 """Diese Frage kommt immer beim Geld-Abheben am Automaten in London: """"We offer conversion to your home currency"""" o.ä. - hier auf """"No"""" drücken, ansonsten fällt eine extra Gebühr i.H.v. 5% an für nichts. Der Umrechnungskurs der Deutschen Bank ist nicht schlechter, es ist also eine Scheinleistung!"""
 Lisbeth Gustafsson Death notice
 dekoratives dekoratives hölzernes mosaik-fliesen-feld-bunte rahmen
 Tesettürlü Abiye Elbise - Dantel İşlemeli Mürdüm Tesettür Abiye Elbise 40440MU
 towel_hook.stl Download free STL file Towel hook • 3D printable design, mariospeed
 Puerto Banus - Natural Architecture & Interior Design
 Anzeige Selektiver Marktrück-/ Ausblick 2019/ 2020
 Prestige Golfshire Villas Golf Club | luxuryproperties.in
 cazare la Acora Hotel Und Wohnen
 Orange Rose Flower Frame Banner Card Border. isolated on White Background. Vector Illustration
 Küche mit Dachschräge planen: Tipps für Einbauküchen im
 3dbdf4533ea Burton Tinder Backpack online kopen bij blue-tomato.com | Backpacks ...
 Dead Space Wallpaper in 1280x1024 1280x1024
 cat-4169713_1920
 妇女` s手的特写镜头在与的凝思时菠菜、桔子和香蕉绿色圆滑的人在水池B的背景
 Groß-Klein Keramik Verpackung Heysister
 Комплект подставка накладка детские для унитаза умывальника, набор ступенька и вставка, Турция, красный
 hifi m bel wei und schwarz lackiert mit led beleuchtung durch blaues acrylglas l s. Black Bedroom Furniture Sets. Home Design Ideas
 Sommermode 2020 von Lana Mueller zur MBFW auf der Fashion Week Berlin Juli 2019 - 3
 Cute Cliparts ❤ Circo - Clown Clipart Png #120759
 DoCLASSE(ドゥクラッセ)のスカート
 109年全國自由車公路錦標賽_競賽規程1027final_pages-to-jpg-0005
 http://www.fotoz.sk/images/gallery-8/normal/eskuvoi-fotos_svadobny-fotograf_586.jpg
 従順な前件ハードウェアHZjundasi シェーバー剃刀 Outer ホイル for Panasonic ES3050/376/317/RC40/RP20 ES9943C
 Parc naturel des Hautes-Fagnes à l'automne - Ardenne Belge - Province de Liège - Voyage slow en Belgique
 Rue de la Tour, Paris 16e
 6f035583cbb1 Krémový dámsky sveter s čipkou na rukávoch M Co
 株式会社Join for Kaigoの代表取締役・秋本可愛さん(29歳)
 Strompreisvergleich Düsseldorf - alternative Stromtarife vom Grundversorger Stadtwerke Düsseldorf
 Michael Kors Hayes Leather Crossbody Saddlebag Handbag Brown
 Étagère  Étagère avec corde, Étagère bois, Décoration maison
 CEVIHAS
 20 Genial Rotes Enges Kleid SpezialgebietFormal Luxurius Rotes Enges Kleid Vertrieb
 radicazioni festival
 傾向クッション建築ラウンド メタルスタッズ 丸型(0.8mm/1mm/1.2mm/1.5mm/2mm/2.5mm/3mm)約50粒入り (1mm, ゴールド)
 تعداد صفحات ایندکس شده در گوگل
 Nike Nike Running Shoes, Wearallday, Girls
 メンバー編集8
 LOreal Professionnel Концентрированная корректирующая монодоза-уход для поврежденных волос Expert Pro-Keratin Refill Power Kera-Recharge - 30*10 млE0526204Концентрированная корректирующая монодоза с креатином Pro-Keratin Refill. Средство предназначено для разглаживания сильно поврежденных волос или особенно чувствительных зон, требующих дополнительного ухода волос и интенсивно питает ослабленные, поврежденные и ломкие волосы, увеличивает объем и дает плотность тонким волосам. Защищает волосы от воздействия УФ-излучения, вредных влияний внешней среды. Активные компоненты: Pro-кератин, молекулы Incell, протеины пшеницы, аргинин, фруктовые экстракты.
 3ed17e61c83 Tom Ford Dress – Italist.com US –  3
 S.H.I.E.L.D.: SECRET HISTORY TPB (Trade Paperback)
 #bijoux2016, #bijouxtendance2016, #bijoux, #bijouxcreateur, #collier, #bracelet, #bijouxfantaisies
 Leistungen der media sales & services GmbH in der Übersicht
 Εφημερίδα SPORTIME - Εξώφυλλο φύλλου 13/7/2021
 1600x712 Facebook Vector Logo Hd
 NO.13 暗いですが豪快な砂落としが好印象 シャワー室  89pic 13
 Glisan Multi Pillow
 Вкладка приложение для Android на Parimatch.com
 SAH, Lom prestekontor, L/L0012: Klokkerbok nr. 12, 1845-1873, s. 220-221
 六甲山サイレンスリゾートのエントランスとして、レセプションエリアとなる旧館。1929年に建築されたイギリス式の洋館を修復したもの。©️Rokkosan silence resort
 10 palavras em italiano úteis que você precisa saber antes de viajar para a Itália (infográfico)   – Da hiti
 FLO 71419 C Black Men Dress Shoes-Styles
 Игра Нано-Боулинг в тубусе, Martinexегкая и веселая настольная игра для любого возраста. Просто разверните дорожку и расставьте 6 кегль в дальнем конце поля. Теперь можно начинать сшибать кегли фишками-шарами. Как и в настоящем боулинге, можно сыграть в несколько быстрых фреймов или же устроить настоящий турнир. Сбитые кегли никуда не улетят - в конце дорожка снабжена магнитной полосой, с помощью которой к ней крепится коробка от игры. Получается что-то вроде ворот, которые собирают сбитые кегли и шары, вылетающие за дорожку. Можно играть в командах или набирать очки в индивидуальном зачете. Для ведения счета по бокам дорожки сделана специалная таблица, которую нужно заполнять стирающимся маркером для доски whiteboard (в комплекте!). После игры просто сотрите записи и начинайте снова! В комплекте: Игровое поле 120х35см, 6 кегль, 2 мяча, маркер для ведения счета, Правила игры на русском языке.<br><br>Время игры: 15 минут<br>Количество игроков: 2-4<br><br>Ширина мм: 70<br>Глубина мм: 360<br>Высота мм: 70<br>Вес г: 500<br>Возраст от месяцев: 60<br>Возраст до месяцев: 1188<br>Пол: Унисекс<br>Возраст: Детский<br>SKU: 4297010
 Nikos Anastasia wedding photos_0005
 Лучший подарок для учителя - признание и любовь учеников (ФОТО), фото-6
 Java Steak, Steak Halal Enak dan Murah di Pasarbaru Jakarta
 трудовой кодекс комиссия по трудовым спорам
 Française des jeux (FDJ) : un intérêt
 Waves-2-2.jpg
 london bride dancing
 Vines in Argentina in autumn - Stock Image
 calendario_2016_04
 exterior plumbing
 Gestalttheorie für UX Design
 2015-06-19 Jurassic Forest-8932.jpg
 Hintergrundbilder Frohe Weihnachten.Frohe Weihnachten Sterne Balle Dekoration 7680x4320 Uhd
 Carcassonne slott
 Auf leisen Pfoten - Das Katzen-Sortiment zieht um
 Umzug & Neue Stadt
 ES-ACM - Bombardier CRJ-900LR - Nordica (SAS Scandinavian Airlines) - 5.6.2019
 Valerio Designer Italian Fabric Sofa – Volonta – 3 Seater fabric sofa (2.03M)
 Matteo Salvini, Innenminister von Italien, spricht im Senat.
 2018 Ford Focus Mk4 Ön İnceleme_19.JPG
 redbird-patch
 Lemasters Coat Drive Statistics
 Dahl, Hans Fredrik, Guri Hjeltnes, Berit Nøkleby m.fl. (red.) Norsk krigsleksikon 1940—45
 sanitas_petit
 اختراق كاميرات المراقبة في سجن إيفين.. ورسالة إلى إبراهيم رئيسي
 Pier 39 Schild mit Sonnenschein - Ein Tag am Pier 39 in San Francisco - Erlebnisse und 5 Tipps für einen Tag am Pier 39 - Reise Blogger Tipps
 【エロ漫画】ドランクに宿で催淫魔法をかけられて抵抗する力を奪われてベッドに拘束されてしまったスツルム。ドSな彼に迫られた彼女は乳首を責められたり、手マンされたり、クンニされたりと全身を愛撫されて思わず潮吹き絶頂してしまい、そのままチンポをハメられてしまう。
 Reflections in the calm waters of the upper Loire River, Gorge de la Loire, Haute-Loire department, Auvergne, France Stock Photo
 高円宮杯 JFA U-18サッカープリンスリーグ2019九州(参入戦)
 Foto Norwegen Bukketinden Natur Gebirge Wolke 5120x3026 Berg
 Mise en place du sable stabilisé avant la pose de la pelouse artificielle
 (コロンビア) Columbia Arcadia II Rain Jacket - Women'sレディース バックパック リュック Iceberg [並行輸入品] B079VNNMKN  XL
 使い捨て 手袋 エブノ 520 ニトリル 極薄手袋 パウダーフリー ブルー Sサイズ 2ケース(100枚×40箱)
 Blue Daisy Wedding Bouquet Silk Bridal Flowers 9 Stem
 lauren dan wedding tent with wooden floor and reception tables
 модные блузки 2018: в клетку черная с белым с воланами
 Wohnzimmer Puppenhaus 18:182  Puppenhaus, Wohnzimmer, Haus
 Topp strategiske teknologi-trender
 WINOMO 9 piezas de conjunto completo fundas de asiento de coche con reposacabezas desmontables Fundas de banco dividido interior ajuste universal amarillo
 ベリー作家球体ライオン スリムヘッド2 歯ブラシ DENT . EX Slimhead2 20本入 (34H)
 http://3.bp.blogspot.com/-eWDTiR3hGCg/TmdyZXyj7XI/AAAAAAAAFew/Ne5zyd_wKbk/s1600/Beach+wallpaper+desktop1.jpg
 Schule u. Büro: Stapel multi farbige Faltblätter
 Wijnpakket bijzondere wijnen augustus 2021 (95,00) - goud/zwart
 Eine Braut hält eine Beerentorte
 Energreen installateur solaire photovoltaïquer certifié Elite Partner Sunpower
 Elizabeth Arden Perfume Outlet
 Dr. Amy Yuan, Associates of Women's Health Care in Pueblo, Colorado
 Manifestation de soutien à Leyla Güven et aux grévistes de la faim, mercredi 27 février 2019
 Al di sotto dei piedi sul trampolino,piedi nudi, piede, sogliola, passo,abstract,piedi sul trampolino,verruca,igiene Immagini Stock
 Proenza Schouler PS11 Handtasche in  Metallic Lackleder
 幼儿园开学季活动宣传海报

• **What you need to do**
Once you reach the line containing "cazare la Acora Hotel Und Wohnen", include it and stop; until then, reproduce each line of the listing from its start exactly.

• **Answer area**
 """Diese Frage kommt immer beim Geld-Abheben am Automaten in London: """"We offer conversion to your home currency"""" o.ä. - hier auf """"No"""" drücken, ansonsten fällt eine extra Gebühr i.H.v. 5% an für nichts. Der Umrechnungskurs der Deutschen Bank ist nicht schlechter, es ist also eine Scheinleistung!"""
 Lisbeth Gustafsson Death notice
 dekoratives dekoratives hölzernes mosaik-fliesen-feld-bunte rahmen
 Tesettürlü Abiye Elbise - Dantel İşlemeli Mürdüm Tesettür Abiye Elbise 40440MU
 towel_hook.stl Download free STL file Towel hook • 3D printable design, mariospeed
 Puerto Banus - Natural Architecture & Interior Design
 Anzeige Selektiver Marktrück-/ Ausblick 2019/ 2020
 Prestige Golfshire Villas Golf Club | luxuryproperties.in
 cazare la Acora Hotel Und Wohnen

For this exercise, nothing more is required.